Emeritus Faculty Association news December 2012
Next Meeting:
Friday December 7, 10.30am Javits Room, 2nd floor library.
Miriam Forman will speak on Space Weather: the discovery, effects, monitoring and preparations for storms in the solar wind on electrical systems and electromagnetic communications on Earth and in space.
The solar wind is the only accessible laboratory on a scale to observe the full details of these processes - the thermal ions, magnetic field, and their fluctuations which make up a stellar wind, plus the variety of more energetic ions the wind (and the Sun) accelerates out of itself, plus the wind's effect on the Cosmic Rays which come from other stellar systems in our galaxy.
Bio:
Miriam Foreman been at Stony Brook since 1968, getting the Ph.D in physics here in 1972. She stayed on as an adjunct on her own NASA grant support for Cosmic Rays in Interplanetary Space in the former Earth and Space Sciences Department until 1985. From 1985 to 1991, she was the deputy Executive Secretary of the American Physical Society, commuting to NYC four days a week, supporting physics meetings, committees and membership. From 1991 to 1998 she was at NASA HQ in Washington DC managing the heliospheric section of the Science Division: organizing calls for research, selection panels, and grant awards, supporting on-going solar-heliospheric science missions and planning for future heliospheric missions. They succeeded in keeping the two Voyager spacecraft alive for their Interstellar Mission phase, which has now discovered the termination shock of the solar wind and probably the interstellar medium at more than 120 astronomical units from the Sun. In 1998 she was delegated by NASA to the Office of Science and Technology Policy in the Clinton White House for one year.
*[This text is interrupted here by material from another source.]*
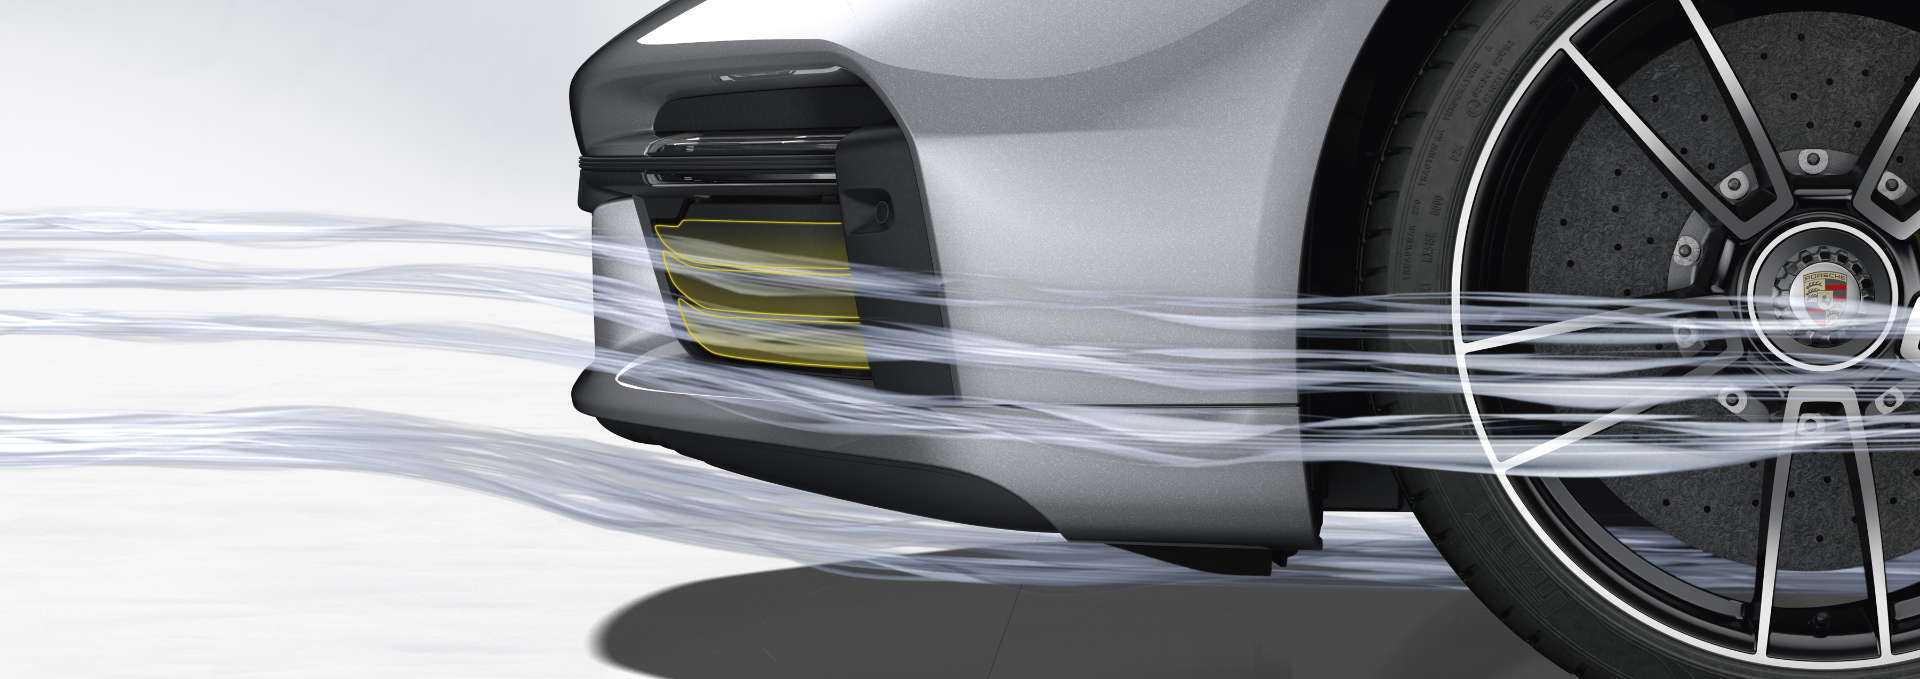 Porsche 911 Turbo Aerodynamik

Since 1999, she is back at Stony Brook as an adjunct professor of Physics, using the physics department as home for her current collaborative research into the nature of the magneto-hydrodynamic turbulence in the solar wind. She uses data from spacecraft at different places to study magnetic turbulence in the solar wind, and to study how the observed magnetic turbulence dissipates (as turbulence always ultimately does) as heat, in locally re-heating the solar wind. She also collaborates with other researchers at Imperial College in London, UK; the University in Waikato, NZ; and the NASA-Goddard Spaceflight Center in Maryland, to describe the evolution of three-dimensional structure in the turbulence observations. This is important for understanding how the very thin, collisionless ionized gasses in space (a few particles per cc) can act like fluids and even have shock waves that accelerate ions and electrons, and determine the flow of more energetic particles (aka Cosmic Rays).
Emeritus and Sandy:
We hope that no members tried to attend the meeting for November 2nd. The university was closed all that week due to the hurricane and the library doors locked. We could not communicate since our power was out and our cell phone intermittent. Charlie Backfish will be happy to give his talk next autumn.
Our sympathies go out to the emeritus members whose house had part of a tree smash through the living room ceiling and another through the bedroom ceiling to within feet of the bed. A 96 year old relative (in lower Manhattan) was effectively confined to his small cold and dark apartment 24 floors up with little food. I spoke with an alumnus who lives in Babylon, not on the shore but by a canal. His whole house was swept away together with the family cars (except the one they used to escape).
No doubt there are other members like me for whom all the candles brought back memories of WW2 days. In that time after power stations and lines were repeatedly bombed, we well remember how we had to help each other. In this neighborhood some took a different approach. Such as the 17 year old in Setauket who when told there was no high-octane gasoline, pulled a knife on the attendant. And the man in Stony Brook whose contribution to the long gas line behind him was to pump 200 gallons without paying. Unlike most other parts of the world, people here are accustomed to creature comforts and after less than two weeks were calling for heads to roll. Line workers from other states drove in long distances to help, and I for one am not joining the chorus of criticism. It is not that I am unsympathetic to the residents of that nursing home shipped out by ambulances to hospitals far and wide where relatives couldn't locate them. Indeed the exact same thing happened to my grandfather on a day when the siren went off with time only to wheel him under the stairs before running. Returning to the damaged house, nobody could find out where he was for weeks. And we had to put up with the cold, dark, and damp (in our case below as well as above ground), on and off for 5 years. After Sandy had done its worst the repair job was overwhelming and I can't see how most of it could have been avoided. In my area most of the line damage was done by whole large healthy trees coming down. And after all, this was during an election campaign in which there was not even a mention of global warming, a subject which our Emeritus speakers have been hammering for years.